2.6. Gene cloning and quantitative RT-PCR
cDNA was synthesized with the High Capacity cDNA Reverse Transcription Kit (Applied Biosystems). Primers of PaFAH12, PaFAD2 and PaFAD3 and PaKCS18 were designed based on the contigs recovered from the Trinity assembly and published Physaria full-length coding sequences. Sequences were amplified with Q5 or Phusion high-fidelity DNA polymerase (New England Biolabs) from cDNA. The PCR products with expected size were subcloned into pENTR/D-TOPO Vector (Invitrogen), and Sanger-sequenced. For quantitative RT-PCR, standard 2-step amplification reactions were performed using PowerUp SYBR Green Master Mix (Applied Biosystems) with 5 ng cDNA according to the product manual, on a LightCycler 480 System (Roche). Relative transcript abundance was calculated by the ΔCT method using the Paysonia 18S rRNA gene as a housekeeping gene.
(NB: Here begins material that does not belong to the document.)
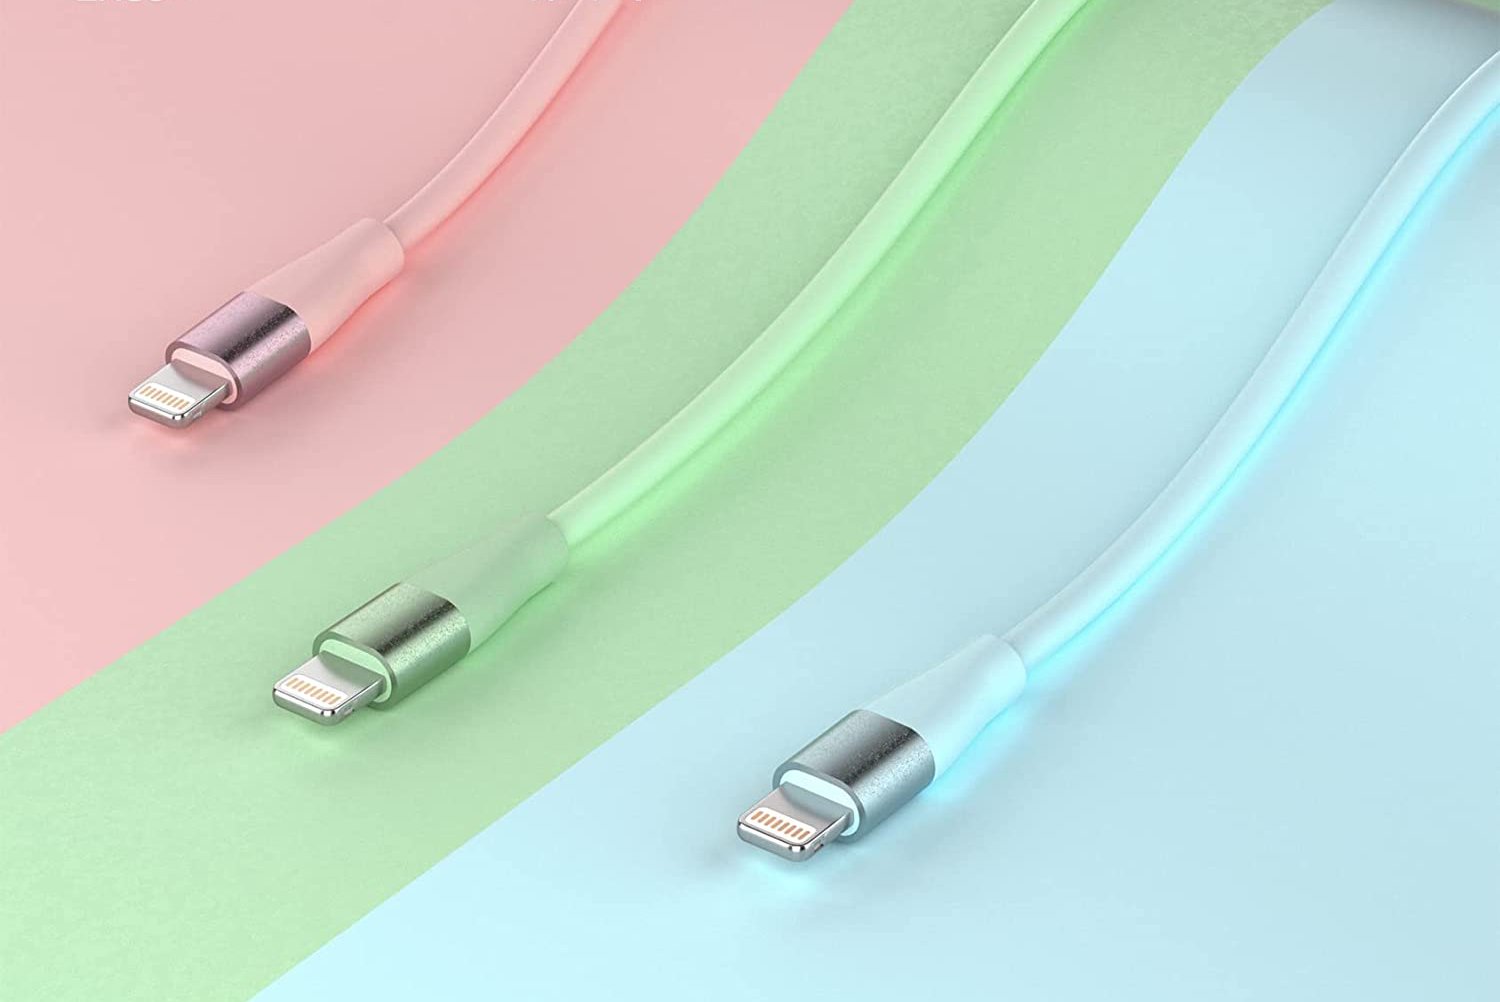 MenoSupp iPhone Lightning Cable
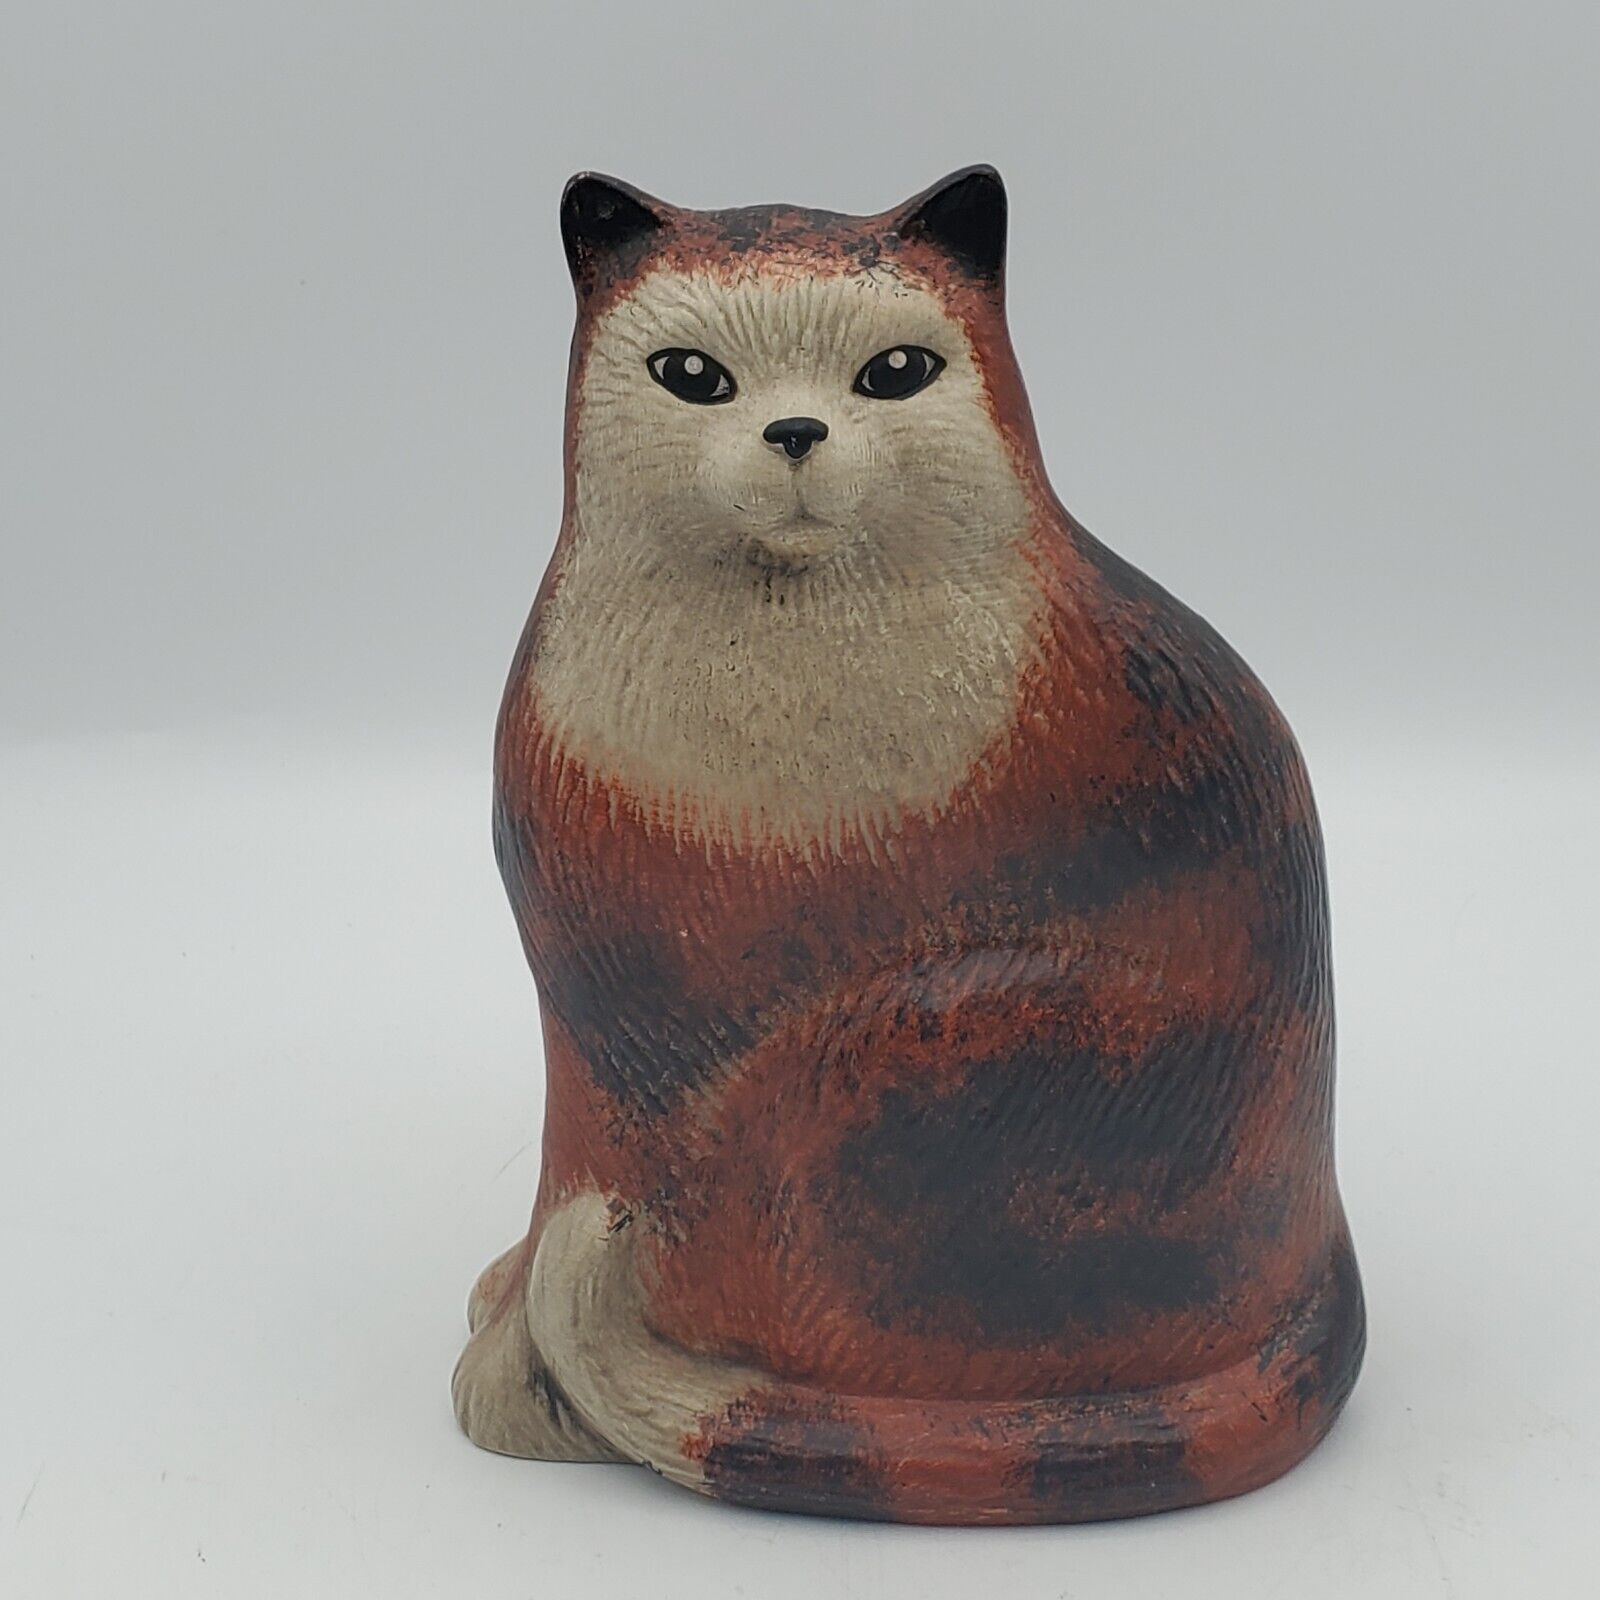 Katy's Country Charm Ceramic Cat By Karen Made in USA Signed

2.7. Phylogenetic analyses
To investigate the evolution of the hydroxylase enzymes in P. fendleri, P. lindheimeri, and Paysonia auriculata, a phylogeny of FAD2 and hydroxylase genes from selected Brassicaceae species together with several outgroups was assembled and used to test for evidence of selection in the evolution of the hydroxylases. CDS sequences were downloaded from Genbank, aligned using MUSCLE (Edgar, 2004). Alignments were analyzed in PhyML v3.0 (Guindon et al., 2010), using the General Time Reversible model, with estimated gamma, nucleotide frequencies, and invariant sites, and four gamma rate categories. Topologies were optimized using subtree pruning and rejoining. Bootstrap values were calculated based on 1000 bootstrapped data sets. Alignment and tree files were imported into PAML v4.0 (Yang, 2007), and tested for positive selection on the branch leading to the clade of the hydroxylase sequences. Three separate models were fitted, a branch, a site, and a branch-site model. Amino acid sequences of known enzymes were aligned using MAFFT (Katoh and Standley, 2013), and phylogenetic trees were visualized by iTOL (itol.embl.de).
3. Results
3.1. Morphological changes during seed development
Seeds from multiple siliques were collected and measured each week for up to 56 DAP. The height and width of each seed was measured using Image J, and seed area was calculated as area within the seed outline (Supplementary Figure 1). Seeds of Paysonia go through several morphological changes during development (Figure 1): at 7 DAP the seeds are a pale green color, at 14 DAP the seeds are a translucent dark green color, at 21 DAP the seeds have turned an opaque yellow-green, and after 28 DAP the seeds turn a dark-reddish brown. The seeds reach their maximum size at 21 DAP (Supplementary Figure 1), and then become smaller as they lose water at maturity. The seed number of individual siliques at each stage varied widely, with older siliques having fewer seeds (Supplementary Figure 2), suggestive of seed abortion.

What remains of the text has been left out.